Rising real estate values send taxes higher; bill for average home climbs to $7,548 in FY25
/By Carol Britton Meyer
The select board voted to maintain a single tax rate for residential and commercial properties during this week’s tax classification hearing for fiscal year 2025. This decision is in keeping with the board’s traditional approach to property taxes and was made upon the recommendation of the board of assessors.
The FY25 tax rate is $11.21 per $1,000 of assessed value, compared with $11.65 for FY24, for a decrease of 4%. However, the average valuation of a single-family home increased from $619,800 in FY24 to $673,300 for FY25, with an average annual tax bill of $7,548 as compared with $7,221 in FY24.
Click here for the full presentation on Hull’s FY25 tax rate.
This means that the average residential property owner can expect a $327 increase in his or her FY25 taxes, or 5%, even with the lower tax rate, while the tax on commercial properties is expected to decrease by $99.
That’s because at the new tax rate, the average tax bill for commercial properties will be $8,376 as compared with $8,475 for the last fiscal year. The average valuation on commercial properties for FY25 is $747,200, compared with $727,500 for FY24.
Hull ranks 12th among Plymouth County single-tax-rate communities based on the FY24 numbers, with an average single-family tax bill of $7,221, compared with Wareham on the low end at $3,912 and Hingham property owners paying $12,839, with property tax assessments varying greatly among these communities.
Because nearly 96% of the properties in town are residential, and Hull has a small commercial base of 3%, maintaining the single rate structure means that most of the tax burden falls on residential property owners.
A small portion of the property tax, or 1%, applies to personal property. This tax includes tangible property that is not real property, such as furniture in second homes or business equipment.

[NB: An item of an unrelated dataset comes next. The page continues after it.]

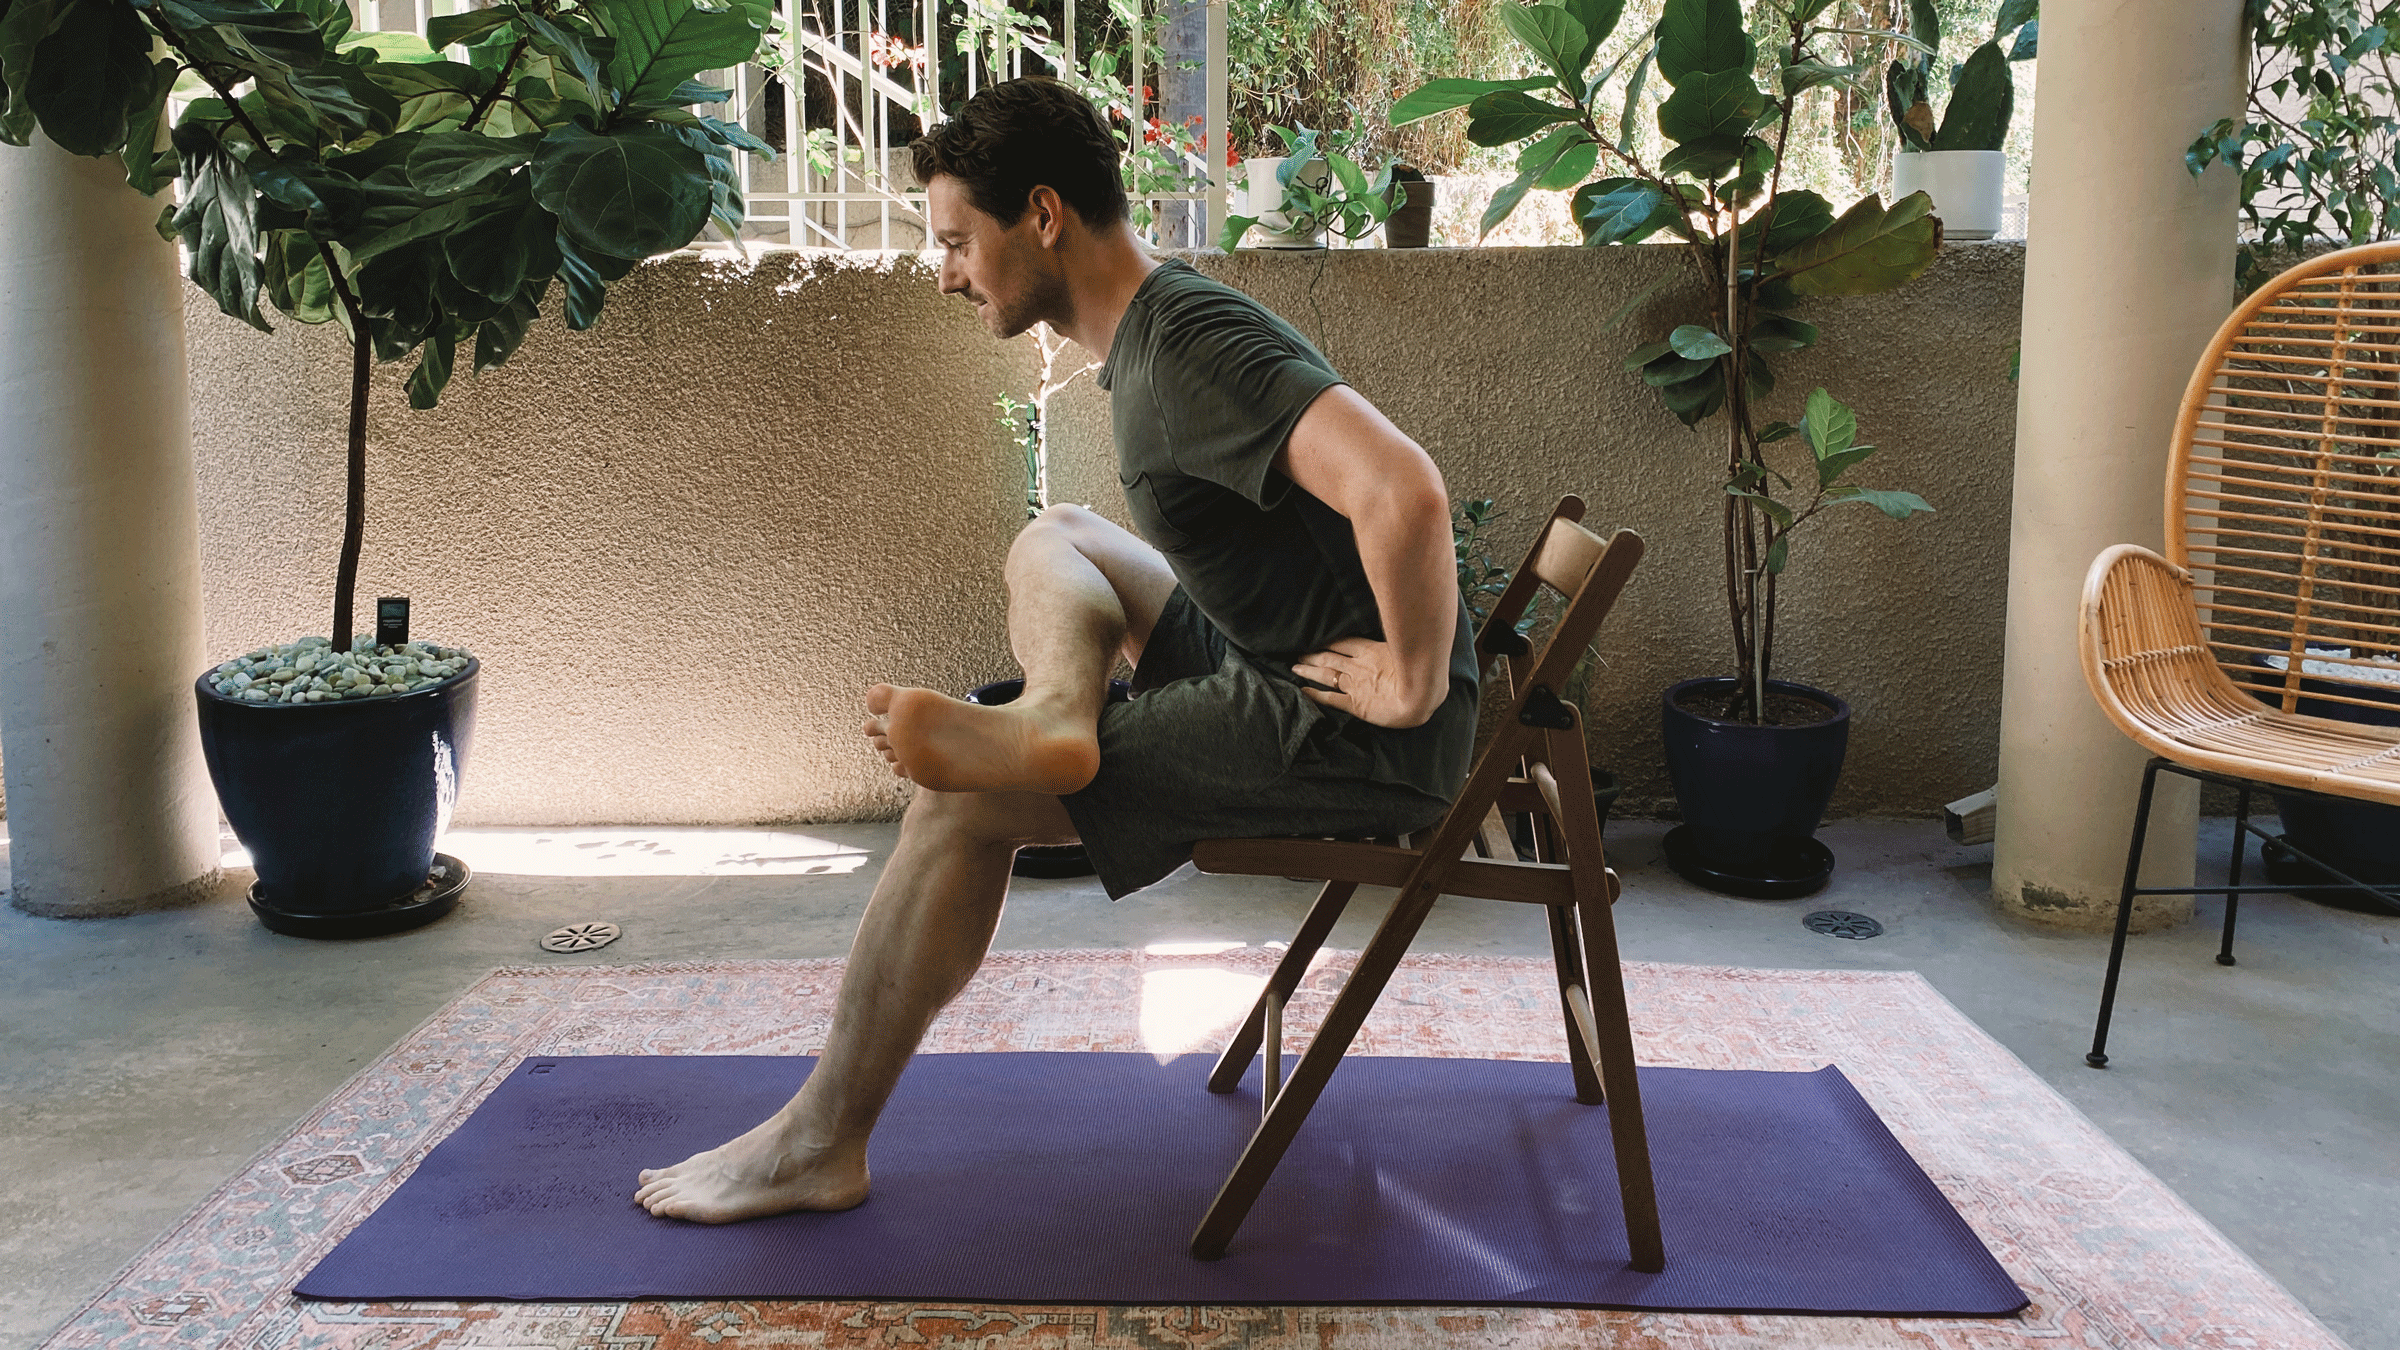 The 10 Best Chair Yoga Poses | livestrong

However, if the tax rate were split, homeowners would see relatively little savings, while the average commercial property owner would see his or her property tax burden greatly increase, depending on the percentage of the split.
Based on a 10% shift, the average residential taxpayer would save $30 per year, while the average commercial taxpayer would bear an additional tax burden of $838.
Based on a 50% shift, the average residential taxpayer would save $151 a year, while the average commercial taxpayer would pay an additional $4,188.
The select board also voted not to adopt residential nor small business exemptions, also upon the recommendation of the board of assessors.
While the residential policy would save tax dollars for lower-valued owner-occupied residences, it would put an additional tax burden on higher-valued owner-occupied residences as well as on non-owner-occupied residences, apartments, and vacant land, according to the assessors.
Adopting the small-business exemption would increase the commercial tax rate and the taxes of non-qualifying commercial properties, including all commercial vacant land.
At the conclusion of the joint meeting between the select board and the board of assessors, the hearing was continued until the FY25 tax rate is certified “and in case any changes need to be made,” Town Manager Jennifer Constable said.
“This is really the start of the budget process, and an important part of it,” she said.